By breaking down internal data silos and using systems that simplify the delivery of intelligence, you ensure that every piece of data moves beyond a simple report and becomes a catalyst for winning business decisions.
Finally, it’s essential to stress the inherently dynamic nature of the modern market.
Industries evolve so quickly that competitive intelligence that was relevant today can become obsolete within weeks or even days.
Therefore, it’s necessary to understand CI not as a one-time project, but as a continuous process.
You need to have methods and processes in place that enable your organization to stay agile.

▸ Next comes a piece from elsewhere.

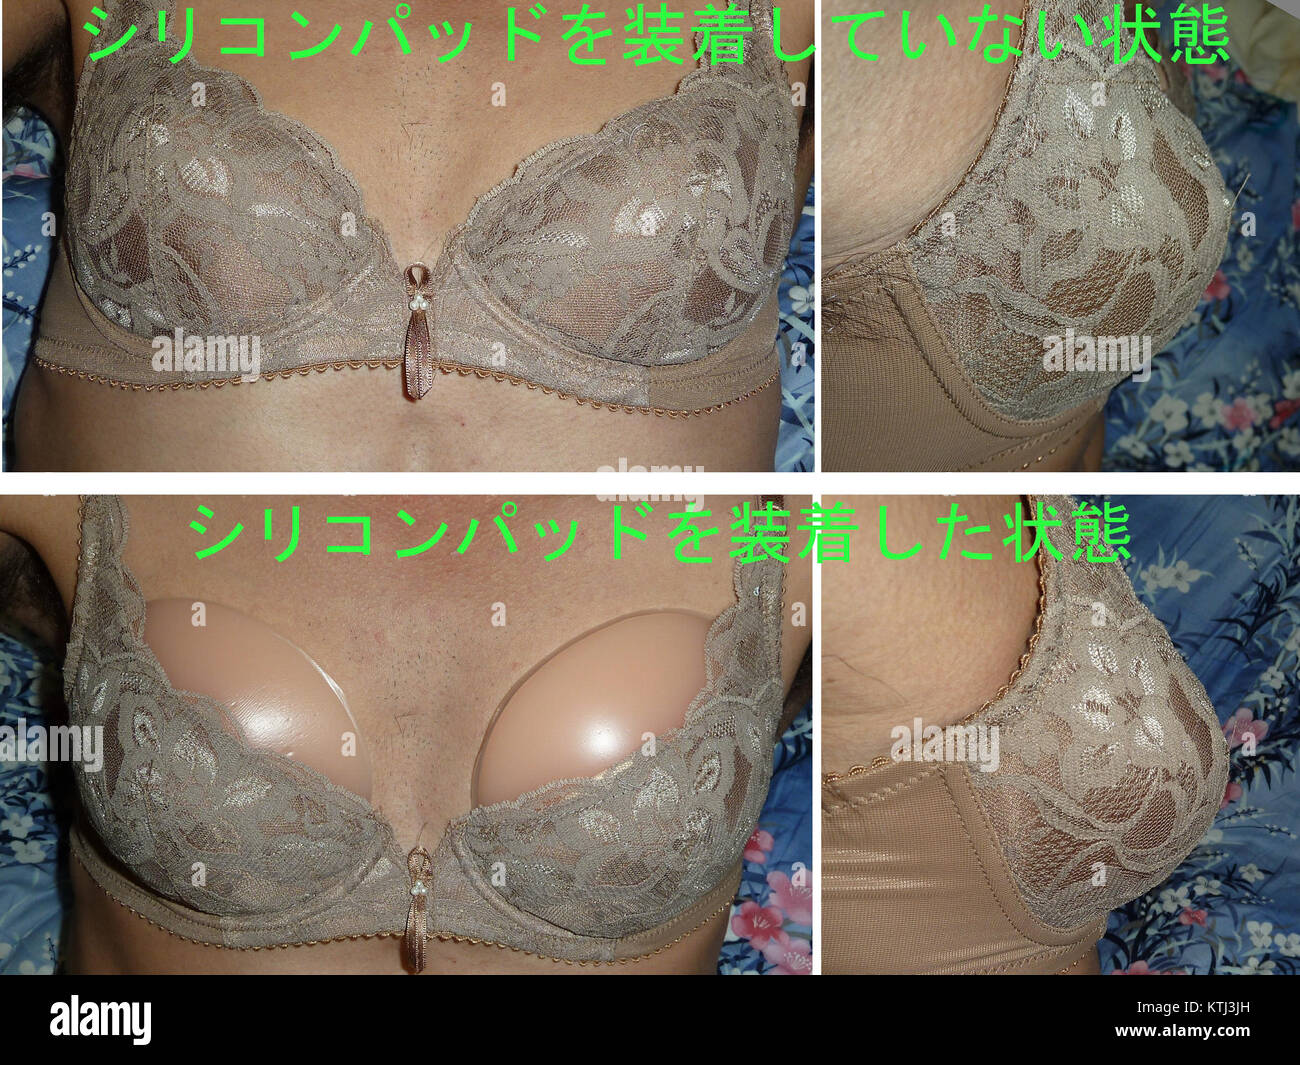 B75 bra with silicon pad Stock Photo - Alamy

The essential nature of the CI process is nicely illustrated in this framework by the Competitive Intelligence Alliance (CIA), often referenced in intelligence circles.

Source: CIA
This model outlines four distinct stages—Defining, Gathering, Analyzing, and Implementing —which should be executed continuously, without a fixed end date.
For instance, the gathering stage would need a repeatable strategy for constantly collecting user feedback, product data, price intelligence, and more.
A variety of systems can be used for this.
On top of specialized CI databases, tools like Mention are valuable for social and media listening, catching early signals of competitor announcements or public sentiment.

Source: Mention
This continuous stream of fresh information can then be quickly fed into your analysis frameworks, and the resulting insights must be implemented just as quickly.
The process should not be interpreted as a step-by-step process.
Instead, CI should always be treated as a continuous, cyclical process, enabling teams to adapt their strategies as soon as new developments occur rather than playing catch-up.
You’ve now explored six of the most common competitive intelligence challenges and, more importantly, how to overcome them.
We discussed the difficulties of collecting accurate data, interpreting it correctly, and maintaining strong ethical standards throughout the process.
We also emphasized the importance of transforming raw information into insights that truly drive better decisions.
We hope this gives you a clearer path forward.
By applying these solutions, you can build a more effective intelligence program and make more confident, informed decisions for your business.